Politique des groupes cibles
Pendant Horeca Expo, la "Vereniging van Vlaamse Grootkeukenkoks" (Association flamande des chefs de cuisine collective) a organisé une matinée d'étude sur la "politique des groupes cibles dans le secteur de la cuisine collective". Le point de départ de la matinée d'étude était donc le fait que l'on s'attend à une approche de plus en plus diversifiée en termes de services de restauration dans le secteur de la cuisine collective. André Claessens a été le premier orateur. L'homme a fondé "Zorgtraiteur André Claessens" à Zaventem en 2009, après avoir travaillé plusieurs années dans le secteur des soins de santé et gravi les échelons, grâce à son vif intérêt pour l'alimentation, jusqu'au poste de responsable de la cuisine collective d'une maison de repos accueillant 85 personnes âgées. Sa femme et ses trois enfants travaillent également à temps plein dans l'entreprise. Entre-temps, une deuxième succursale a été créée à Leuven. Quelque deux mille repas sont préparés et livrés quotidiennement à un large éventail d'institutions, d'écoles et de particuliers nécessitant des soins.
Production et transport écologiques
André Claessens: "Nous travaillons aussi en partie selon le principe de la '"chaîne courte", car nous avons conclu un accord avec une coopérative d'agriculteurs et la ville de Leuven"

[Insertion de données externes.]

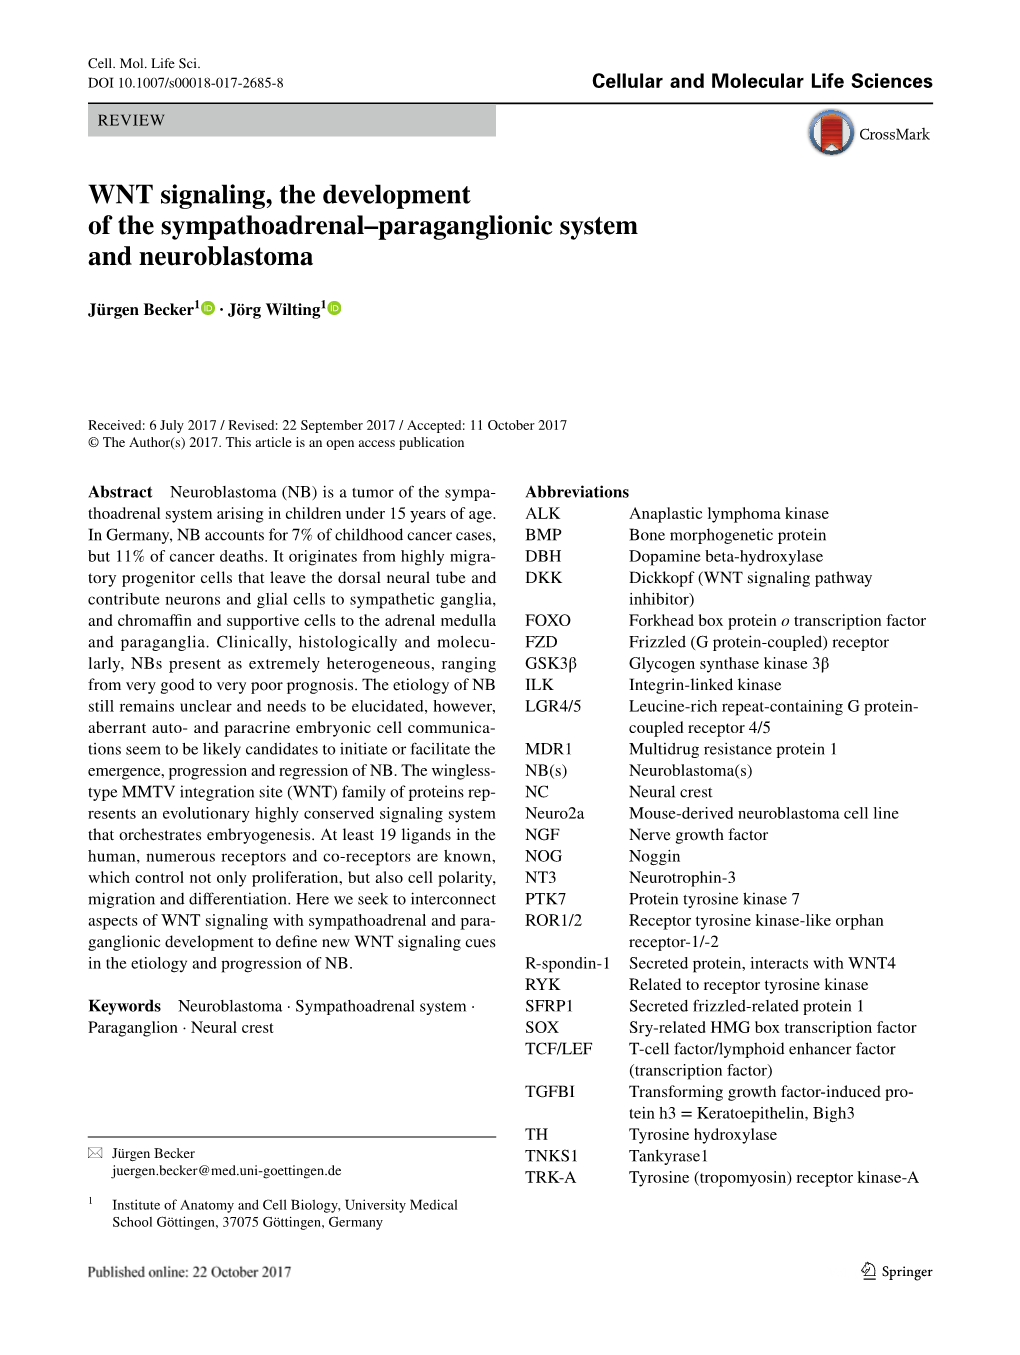 WNT Signaling, the Development of the Sympathoadrenal–Paraganglionic System and Neuroblastoma

André Claessens: "Je relève un certain nombre d'éléments et de défis importants pour notre secteur. Il s'agit du vieillissement de la population, de la "guerre des talents" dans notre secteur, des besoins de plus en plus spécifiques en matière de soins et de repas et, enfin, de la demande justifiée d'une production et d'un transport plus écologiques", explique André Claessens. "En ce qui concerne l'écologie, nous utilisons déjà des vélos-cargos électriques et, début 2023, nous avons investi dans une installation électrique verte qui produit à la fois de la chaleur et de l'électricité. Nous travaillons également en partie selon le principe de la "chaîne courte" par le biais d'un contrat avec une coopérative d'agriculteurs et la ville de Leuven, ce qui nous permet d'obtenir des produits régionaux de qualité. Une politique du personnel inclusive et diversifiée est très importante pour nous. Par exemple, des personnes souffrant d'un handicap au travail travaillent également dans notre équipe". Mais le cheval de bataille de l'entreprise semble être surtout son approche de la préparation des repas orientée vers les groupes cibles, et même individuelle dans certains cas.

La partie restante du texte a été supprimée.